Stable Electric Field TDIE Solvers via Quasi-Exact Evaluation of MOT Matrix Elements

Prior theoretical studies and experience confirm that the stability of marching-on-in-time (MOT) solvers pertinent to the analysis of scattering from free-standing three-dimensional perfect electrically conducting surfaces hinges on the accurate evaluation of MOT matrix elements resulting from a Galerkin discretization of the underlying time domain integral equation (TDIE). Unfortunately, the accurate evaluation of the four-dimensional spatial integrals involved in the expressions for these matrix elements is prohibitively expensive when performed by computational means. Here, a method that permits the quasi-exact evaluation of MOT matrix elements is presented.
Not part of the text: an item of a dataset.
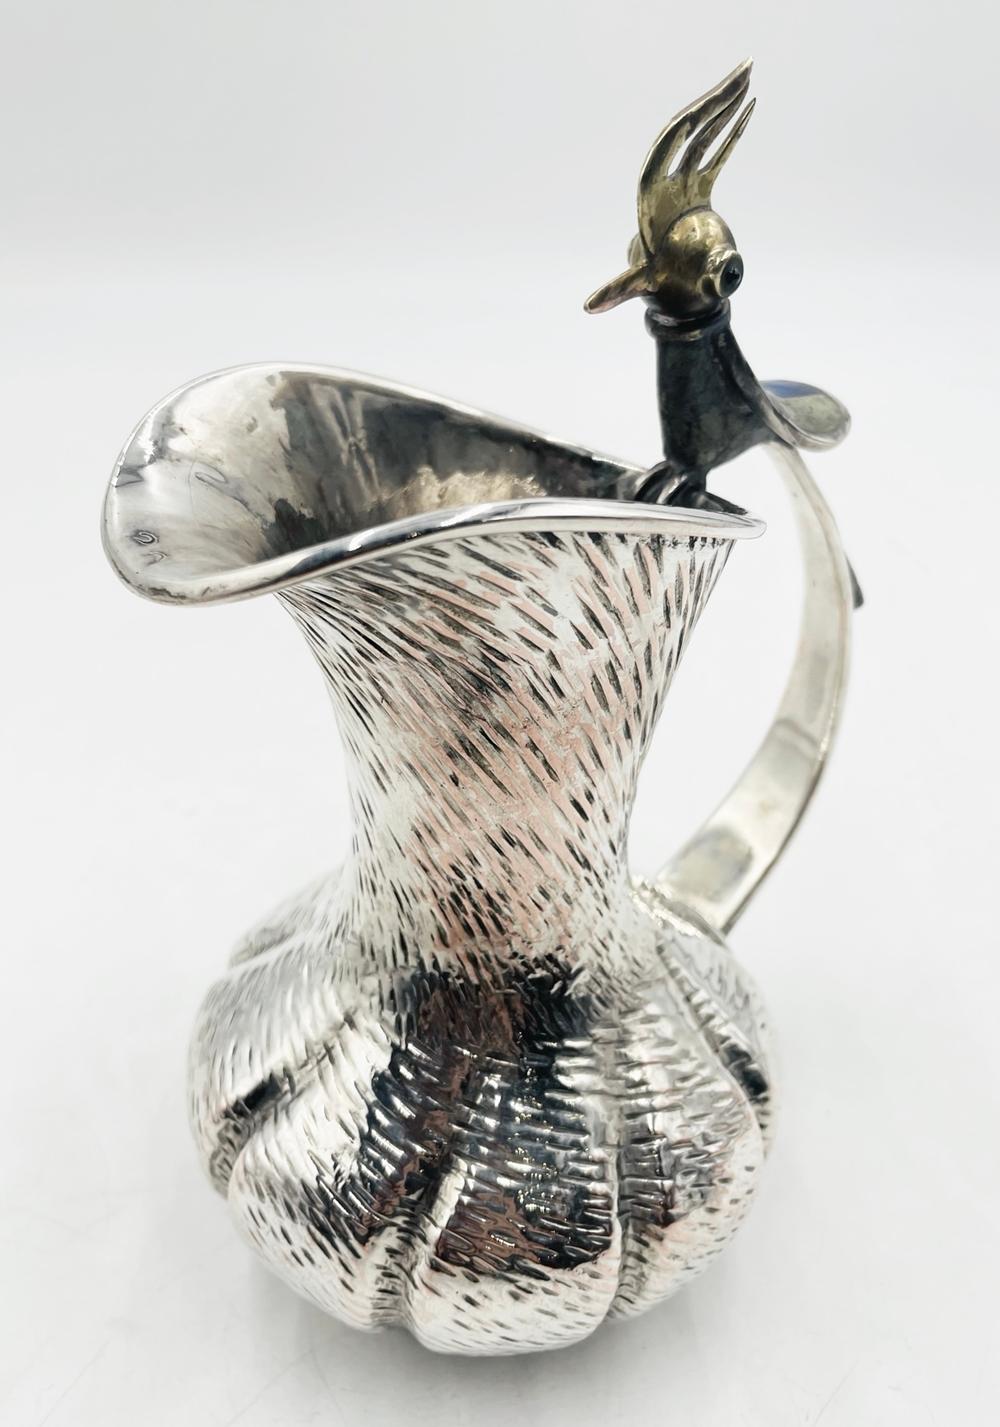 Hand-Crafted Silver Plated, Malachite & Lapis Lazuli Pitcher by Los Castillo, Mexico 1970's For Sale

Specifically, the proposed method permits the analytical evaluation of three out of the four spatial integrations, leaving only one integral to be evaluated numerically. Since the latter has finite range and a piecewise smooth integrand, it can be evaluated to very high accuracy using standard quadrature rules. As a result, the proposed method permits the fast evaluation of MOT matrix elements with arbitrary (user-specified) accuracy. Extensive numerical experiments show that an MOT solver for the electric field TDIE that uses the proposed quasi-exact method is stable for a very wide range of time step sizes and yields solutions that decay exponentially after the excitation vanishes.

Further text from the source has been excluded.